I finished cleaning all the crap on the bookshelfs and as those of you that have seen them know, there is a lot of crap. Then I proceeded to put everything back. I had my windows wide open at this time, as I was only trying to kill the spiders with the raid and not actually myself. I was just about to move onto another section of the living room when this huge gust of wind blew everything in my apartment all over the place. It actually blew the blinds straight up, so that they were hanging horizontally. I'll be honest when I say I kind of scared the crap out of me. It was tottally out of now where. Well not tottally because I knew there was suppose to be a huge storm but the sky wasn't even dark yet. It was out of no where. Then the sky was black and the rain started a coming. I'm sure most of you know as you were there. About five min latter, the power goes off. Then I think fuck I haven't taken a shower I fucking smell bad, I have no power this blows. So it doesn't come right back on. I decided to go take a look outside and see whats up. The power also appeared to be on accross the street. So I walk out back. I did geniusly kick the cover off to the sewer drain so that the tree stuff didn't continue to clog it all up and then I would also have a flooded apartment. I got to the back yard and just went FUCK. No you would have said the same thing upon seeing the huge tree managled in your power lines. Lines a flying around. Then I had to think shit what does one do when there is a tree in there power lines. I mean I should probably call someone or something, but how does one call when one can't look up the number on the internet. Its so forgien. What ones does is call ones friend and make them look it up for them. My power was off for three days. It sucked. I did learn that my flashlight doesn't work. Only learned that after I spend ten dollars on batteries for it, and couldn't actually get the old batteries out of the flashlight because they were all kinds of fucked up. I dont' underestand really when after all these years they can't make batteries that don't leak. It doesn't make any sense. I'll post some lovely power outage pictures in a latter post.

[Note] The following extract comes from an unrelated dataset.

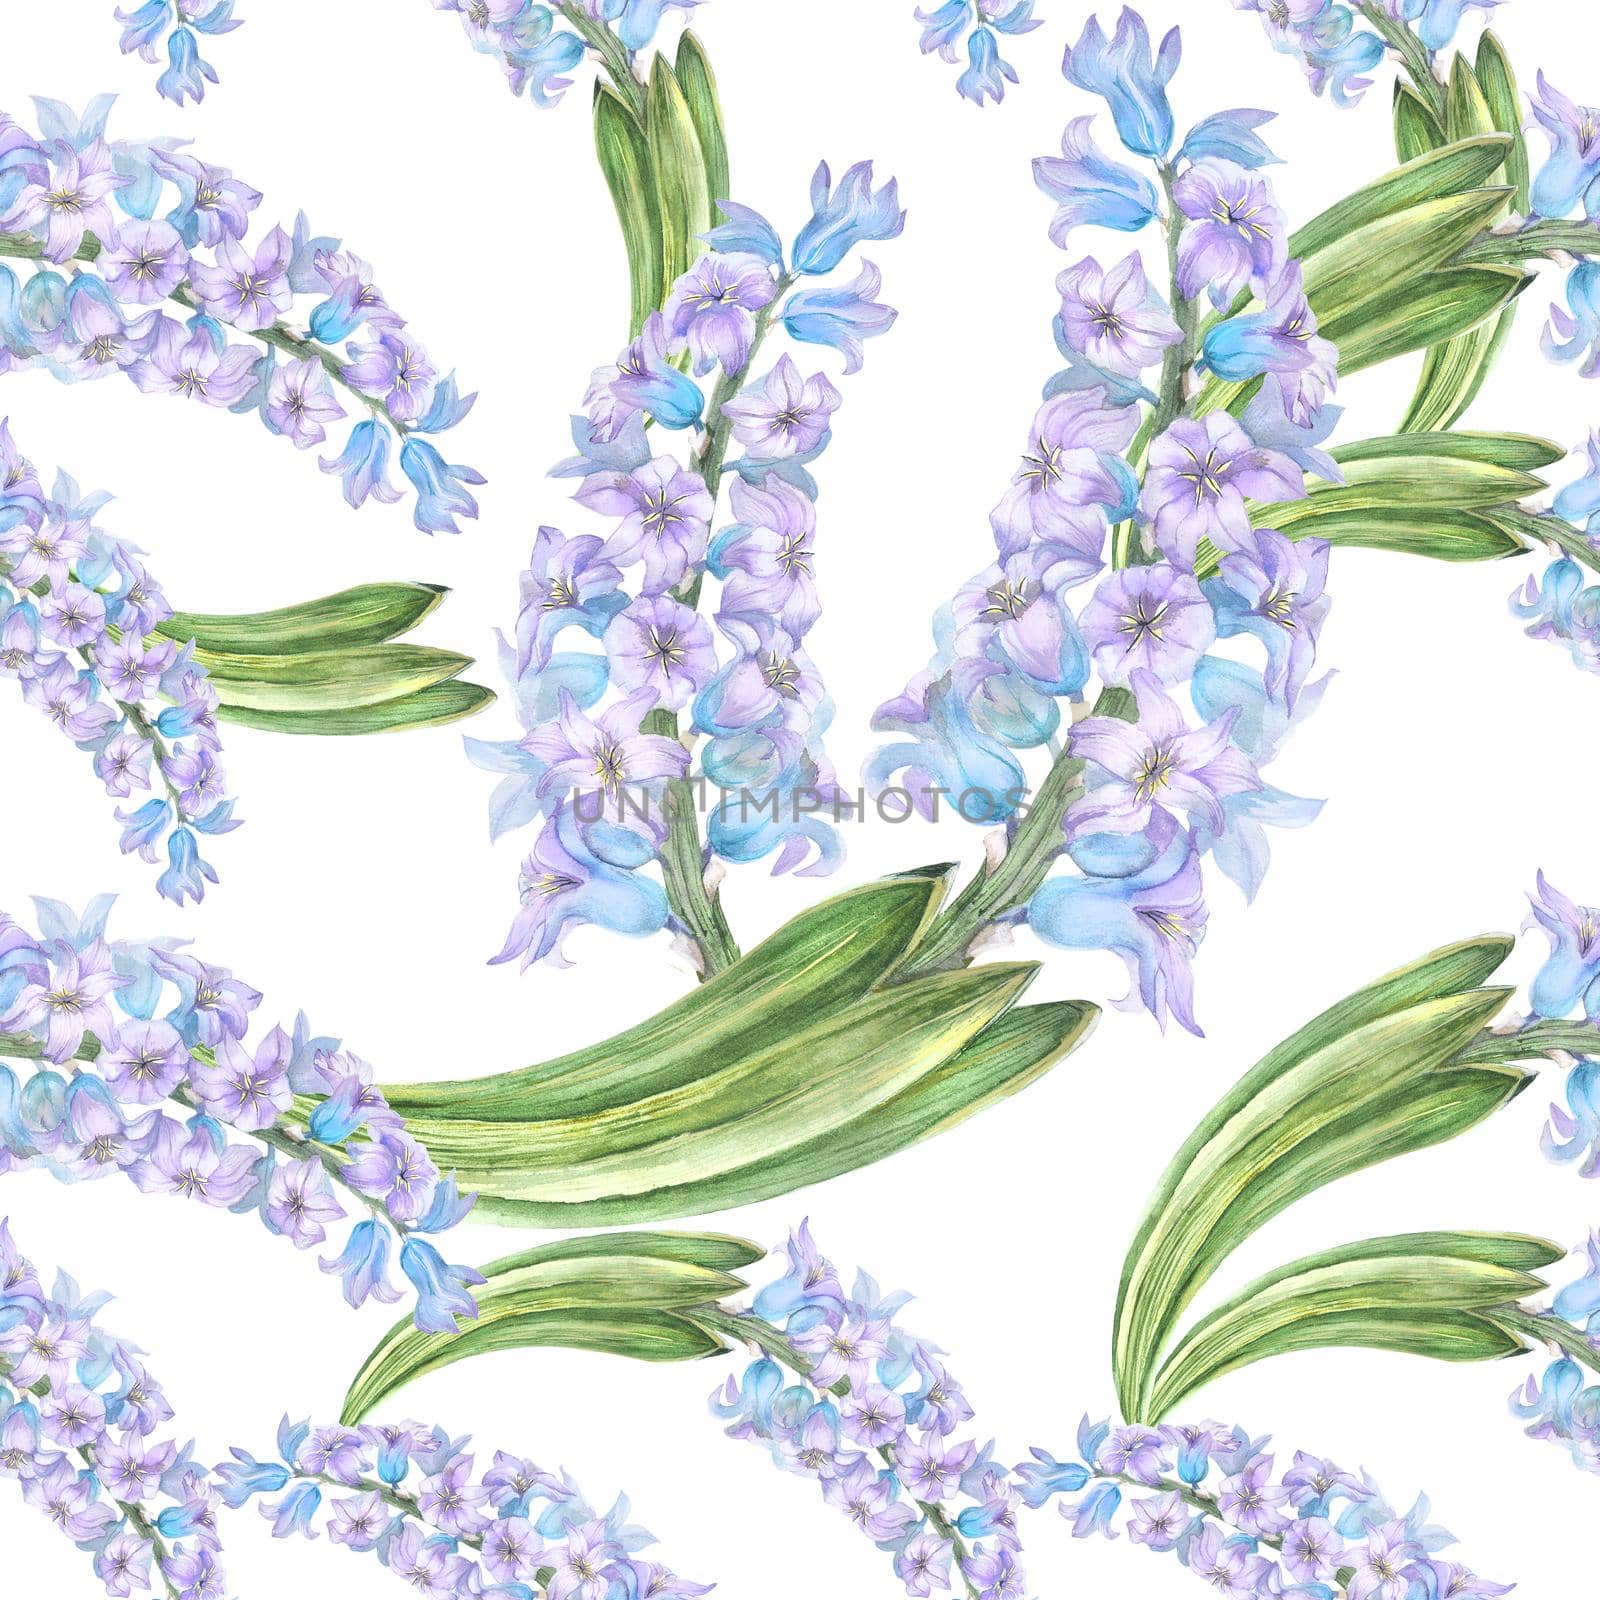 Modern watercolor botanical illustration in Old School style. Blue hyacinth. Seamless patterns, path included

On saturday when my power was finally suppose to be on. I stopped off at the wine store after a long night at work. It was like midnight, and I was walking back from the bus, and the fucking bottle of wine falls out of the bag and breaks all over the fucking sidewalk. I seriously almost cried. I was so irratated. I normally don't even take the damn bag. All because I thought cleaning was a good idea. Take it from me it never turns out the way its should.